*Required work*: Retype the listing exactly, minus its pictures.

*Data extract*:
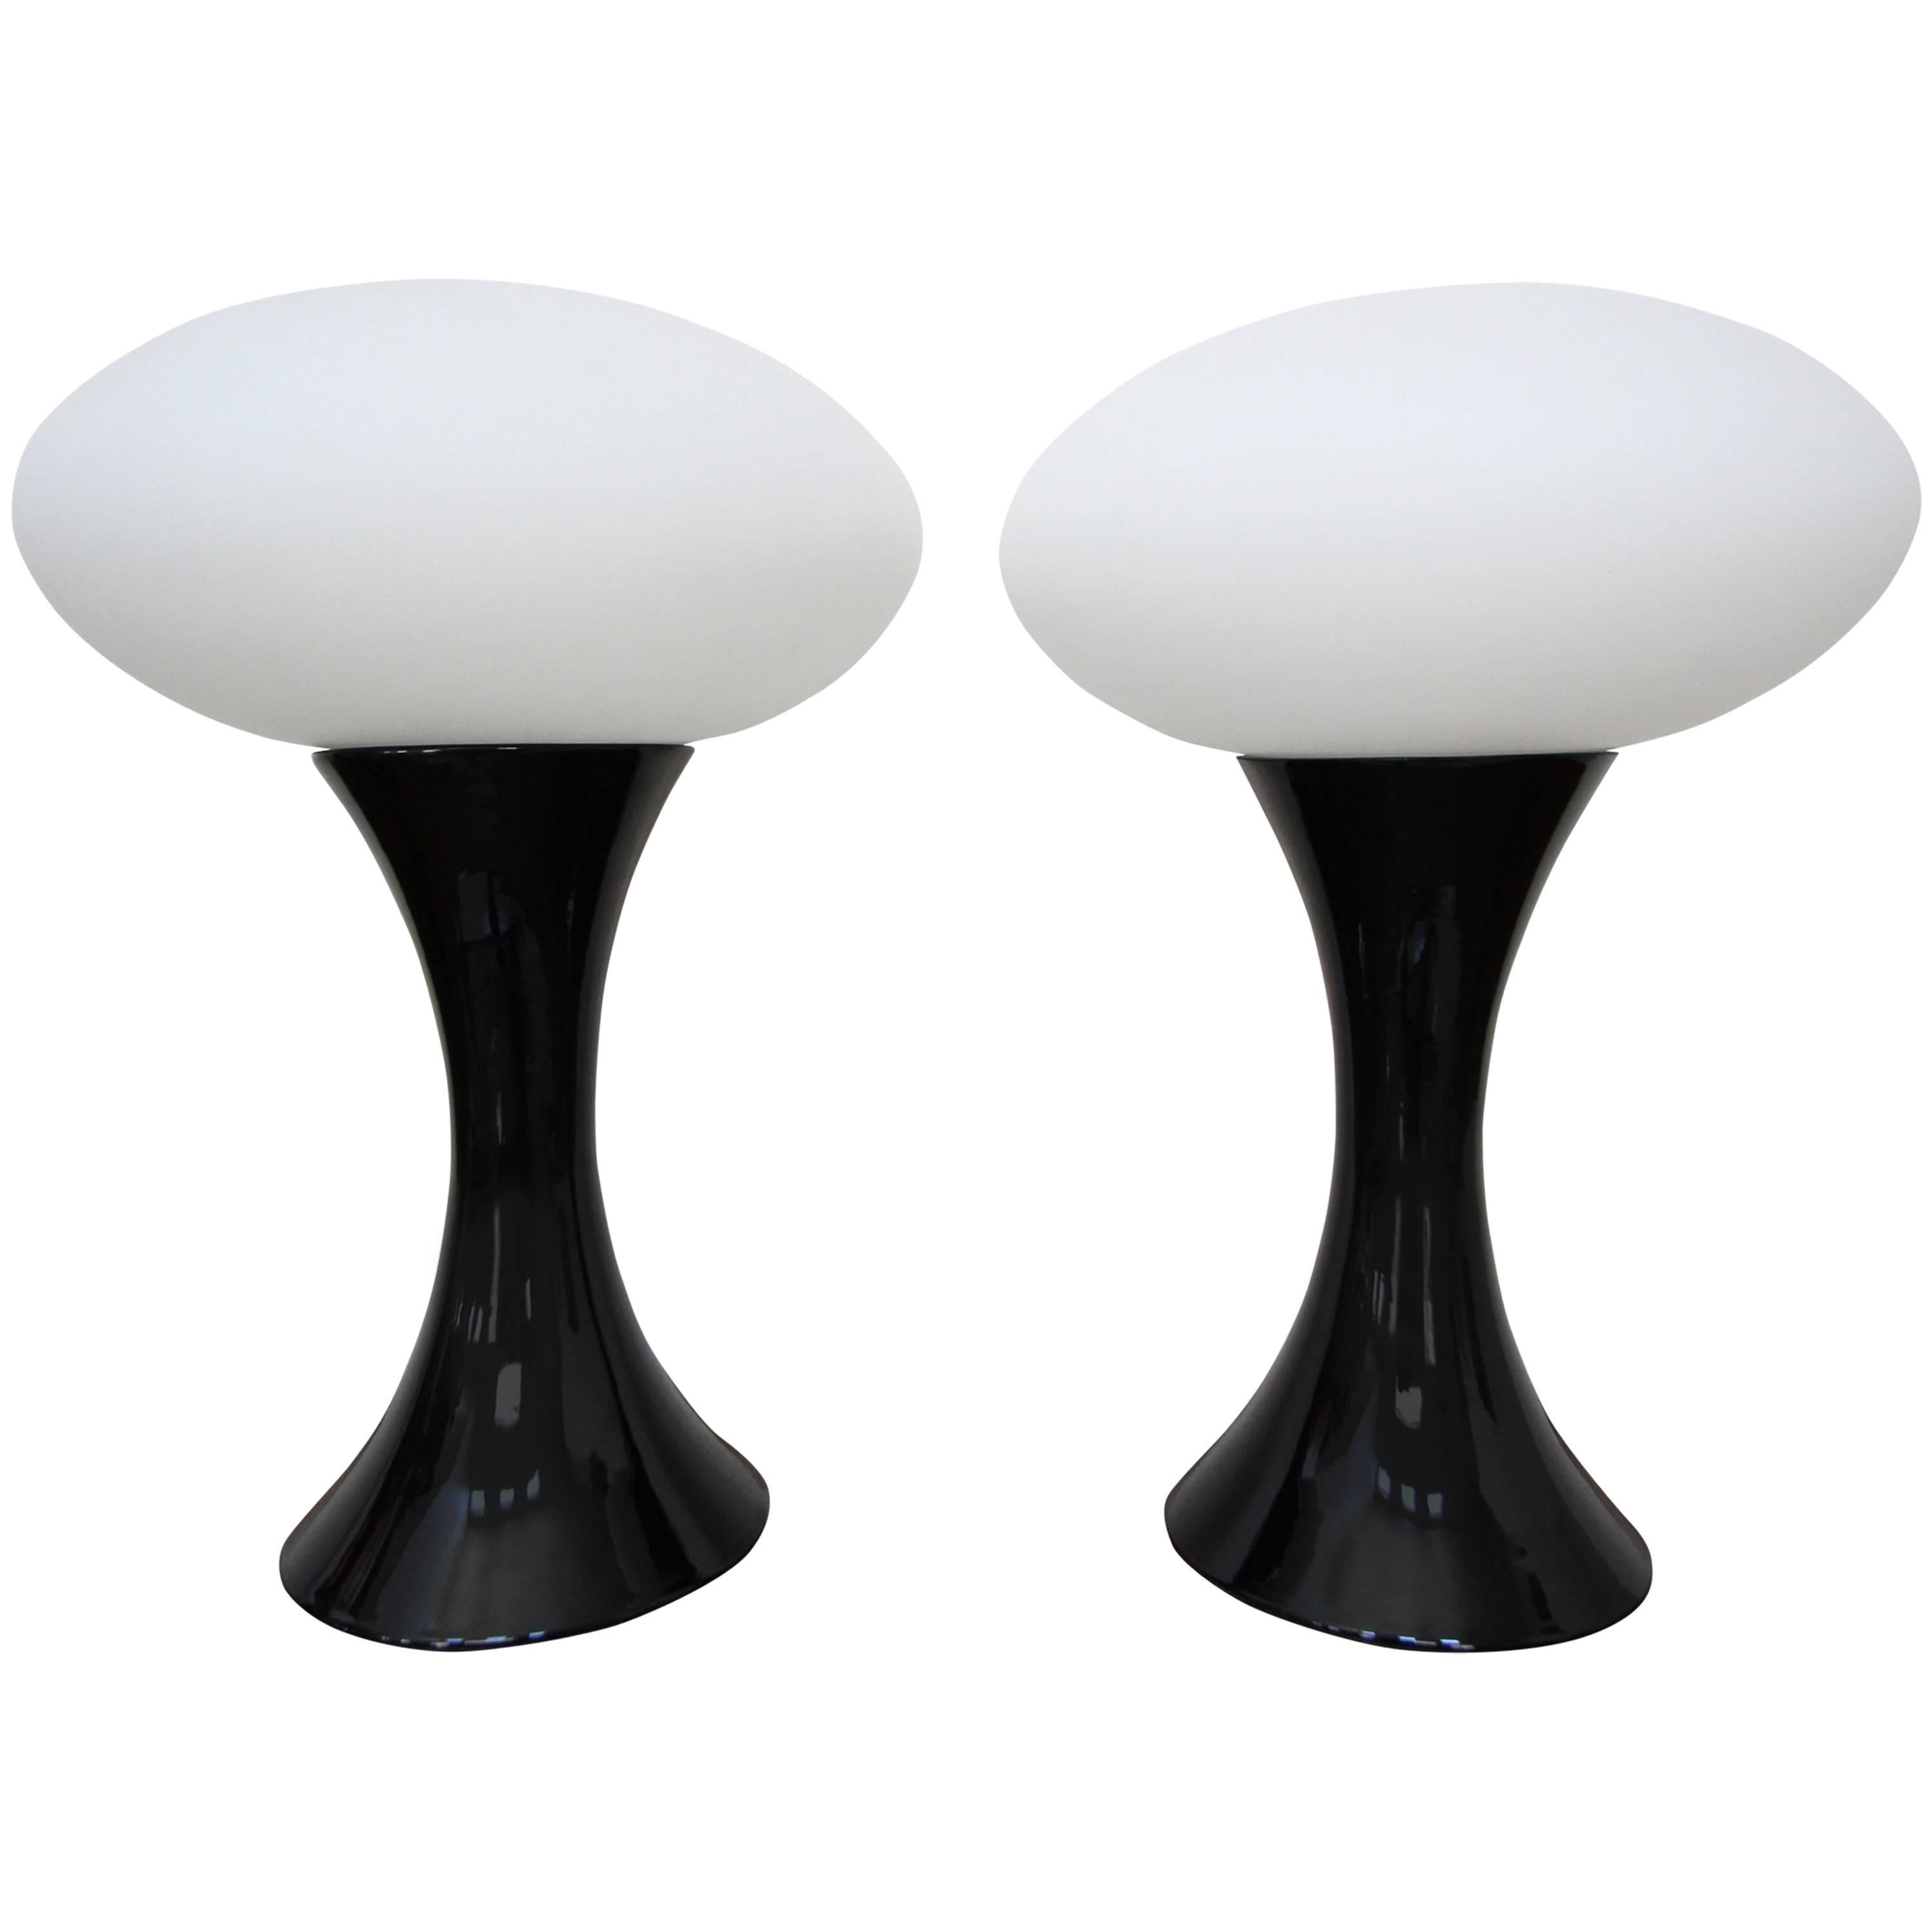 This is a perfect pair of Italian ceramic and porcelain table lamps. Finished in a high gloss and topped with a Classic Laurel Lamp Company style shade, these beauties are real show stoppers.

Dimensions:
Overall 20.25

*Expected answer*:
 This is a perfect pair of Italian ceramic and porcelain table lamps. Finished in a high gloss and topped with a Classic Laurel Lamp Company style shade, these beauties are real show stoppers.

Dimensions:
Overall 20.25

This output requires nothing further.